The Bucks can make the playoffs with Jennings though, but need to get some luck in the injury department as well as more production from their guards. They don’t have anybody above average in the backckcourt and possess the worst offense in the NBA.
Of course, basketball’s a team game and as Jennings has reminded us, his teammates also need to shoulder some of the blame for the Bucks’ lack of success lately. For instance, Jennings’ assists per game fell to 5.1 this year from 6.3 last season. He’s still making the passes, but his teammates are failing to sink the baskets as their shooting percentage is also mediocre.
Jennings has always considered himself to be a pass-first type of guy, but he’s quite a long way from averaging anywhere near 10 assists per game. But that’s not really something he can fix by himself. His teammates do need to pick up their shooting percentage dramatically for Jennings to be effective.
His leadership qualities are also in question as is his penchant for speaking out against teammates when things aren’t going his way. Bucks’ coach Scott Skiles took responsibility for this year’s 35-47 record, but said the team lacks leadership in the locker room. He had mixed words when he spoke of Jennings’ in that regard.

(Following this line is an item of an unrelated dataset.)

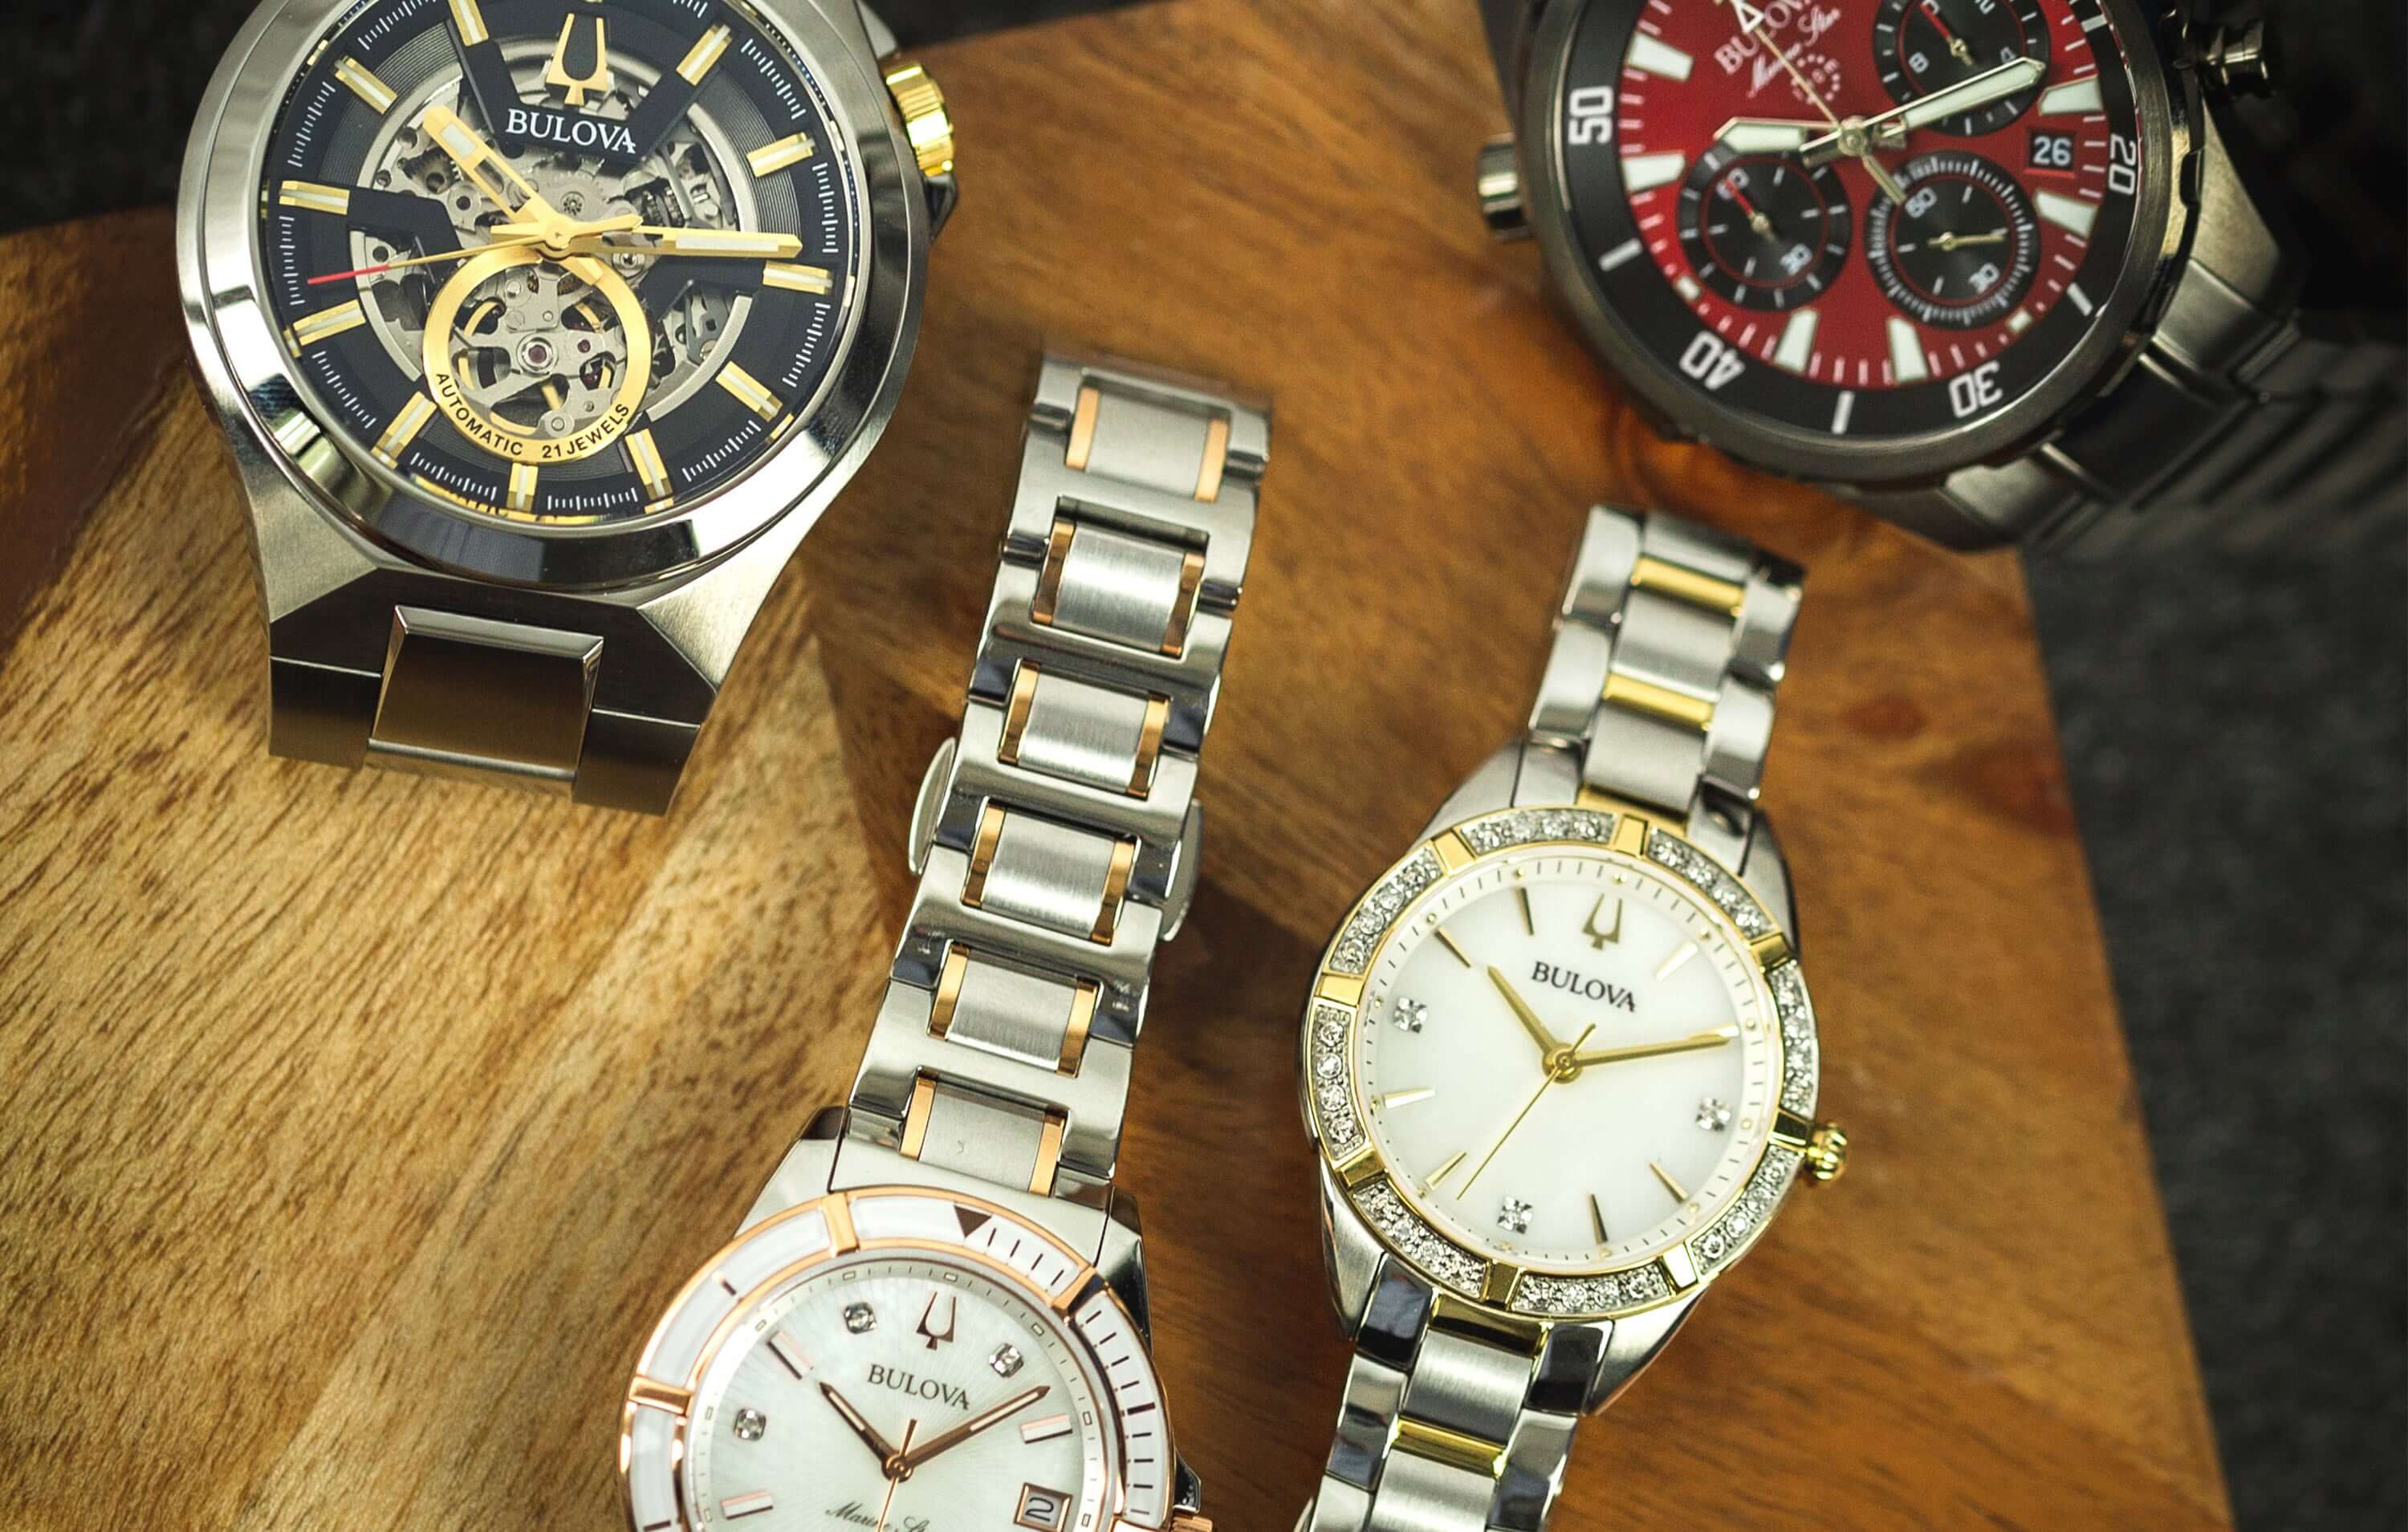 Are Water Resistant Watches Waterproof?

“I would not assume that Brandon has any of those abilities yet…just because he has the ball in his hands all the time. It’s something we constantly talk about. It’s something he’s trying to work towards but it doesn’t come naturally to him so it’s definitely a work in progress.”
The team shouldn’t be relying on a 21-year-old to take them to the Promised Land just yet though, but Skiles bases his opinion on day-to-day dealings with his players in all aspects of the game, from practices, to road trips, to games, etc.
Jennings obviously has a lot of talent and doesn’t lack in confidence, but he should keep team matters private instead of airing them publicly in the future. While some experts feel it’s fine to speak your mind since it can motivate players others feels it alienates teammates. It’s a fine line and needs to be handled with care.
The Bucks lost some leadership when Jerry Stackhouse and Kurt Thomas left last season and it was obvious they thought Jennings and Andrew Bogut would step up and replace it, both and off the court. But things didn’t pan out that way.
Jennings still has a very bright future ahead of him and his teammates certainly do need to pick up the pace. It’s possible when he hits his peak, matures, and starts showing more leadership qualities, the Bucks will be able to consider him an important building block.